2018-08-24 10:37 AM
Hello, I am seeking more clarity on the usage of different STM32 timers vs possible usage of a different channel in the same timer when there is need to share resources in MCU. My chosen Cortex M4 MCU has many timers but sharing pins for input capture and output PWM waveforms with other GPIO pins shrinks their availability.
Can somebody provide (or point to the available resource) a clear criteria on which timer usages can be assigned to the same timer but different channels and when sharing the same timer becomes impossible? (Note: the difference between advanced timers and general purpose is not important here as their differences are well explained in STM documents).
Some examples (but not to limit the more general scope of my question):
Multiple timers needed to count down and trigger interrupts/DMA: one with 1 uSec interval, the others with 1mSec intervals ? can they share the same timer but different channels?
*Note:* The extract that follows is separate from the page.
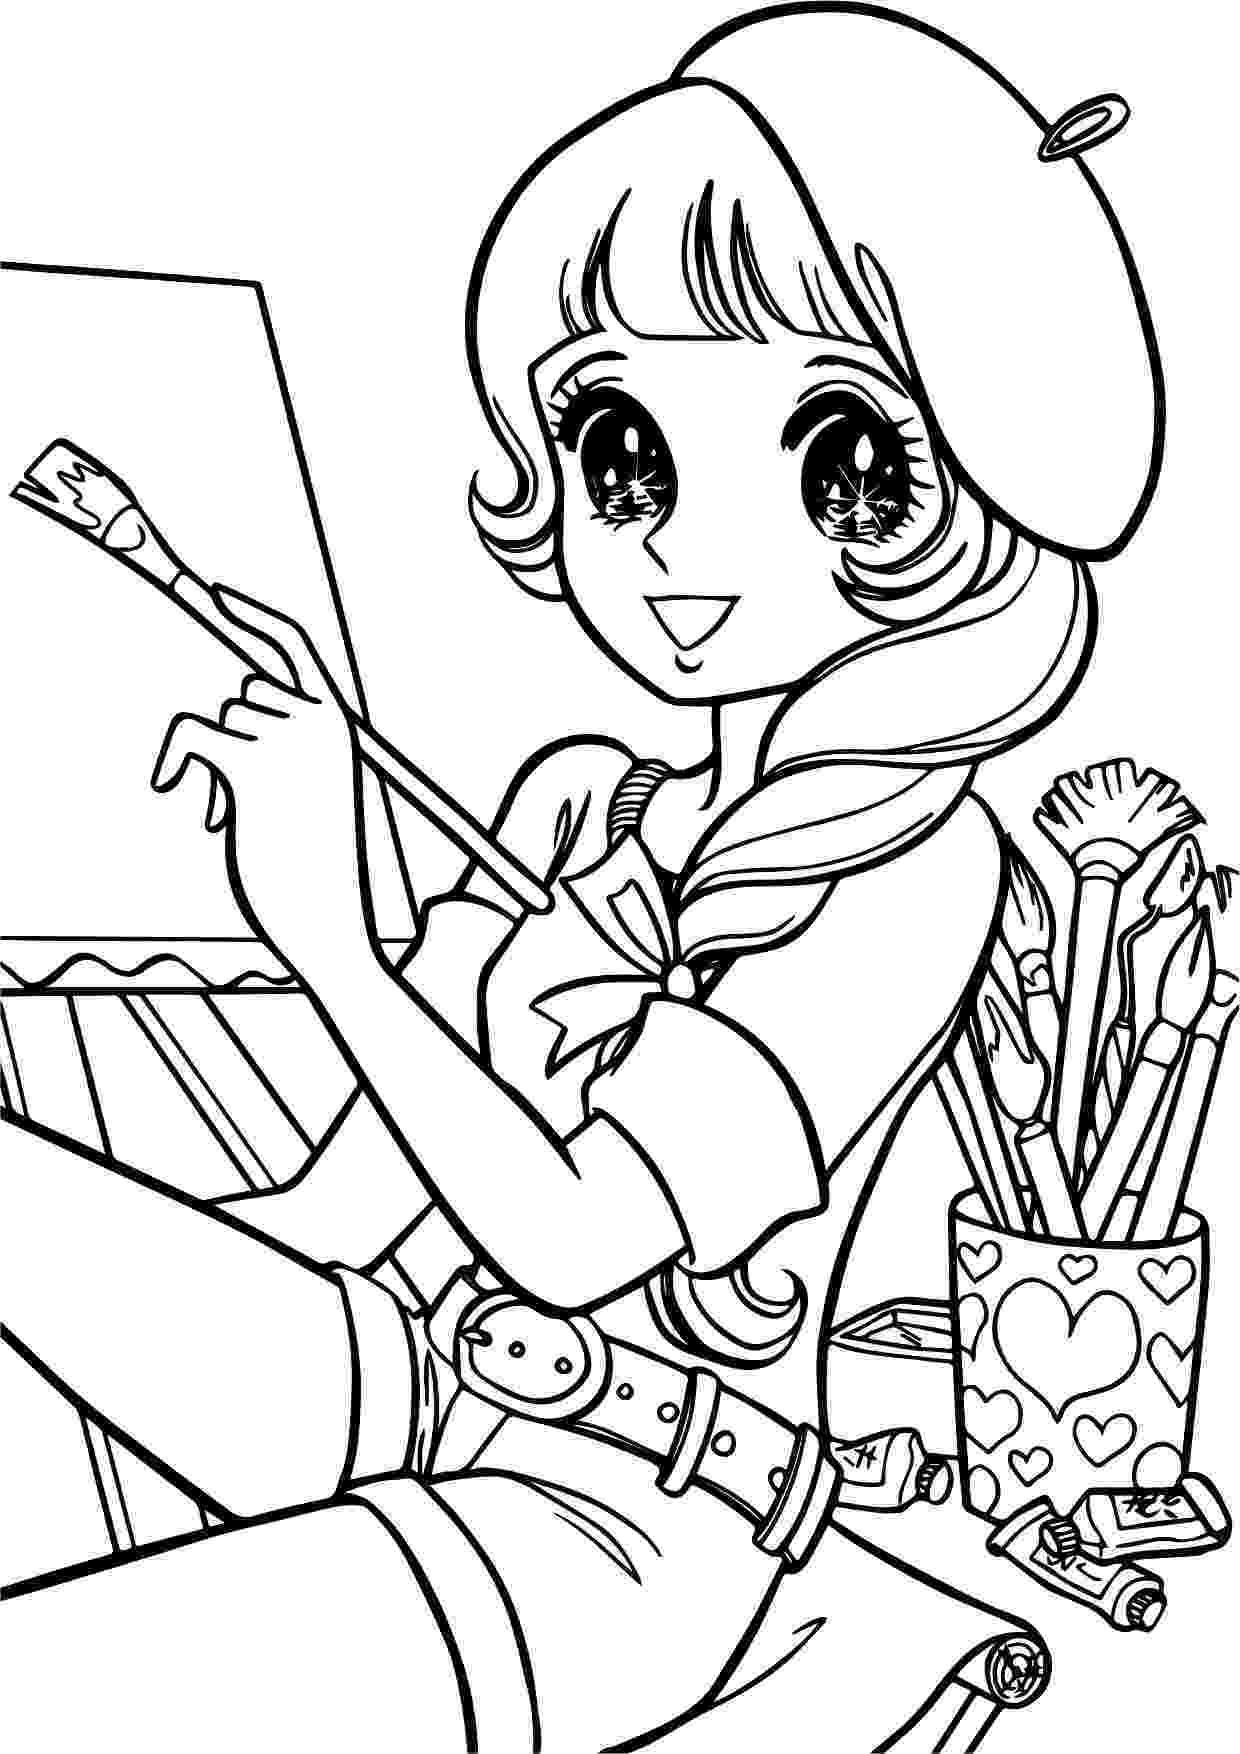 coloring pages girl aeromachia shojo manga no memory painter girl coloring pages girl coloring

Few timers are in input capture mode to calculate pulse period of each, each counts from their respective GPIO pin inputs, clocking can be the same, - can they share the same Timer but different channels?
and so on............
2018-08-24 11:08 AM
There's only a single counting element in the TIM, so when different frequencies are involved you want to use a different TIM so you don't have to babysit the phase angles via CCRx in interrupts.
For time stamping, one TIM, maximal count, 4 sources can be timestamped, likely to run out of DMA resources first.
2018-08-24 02:28 PM
Thank you,
as regard to my 2nd example, the answer is - the same timer is OK, but as for my 1st example : what "different frequencies" do you mean ? Clocking (CK_CNT) or time interval?
I don't see problem having the same clock CK_CNT (for ex. 48mHz?) but each channel's capture/compare register will trigger timeout at different intervals... or is there a problem ?
2018-08-24 04:04 PM
Clive meant the period, i.e. CK_CNT / (ARR+1). It's a quite often repeated request to output waveforms with different frequencies from the various channels of one timer.
There is another constraint if you want to use DMA, the DMA triggers in many timers are usually ORed together, so you then you can't use multiple DMAs triggered from several channes of one timer.
And, as you've said, the pins multiplexing constraints represent another obstacle to "fully utilizing" the timers' acpabilities.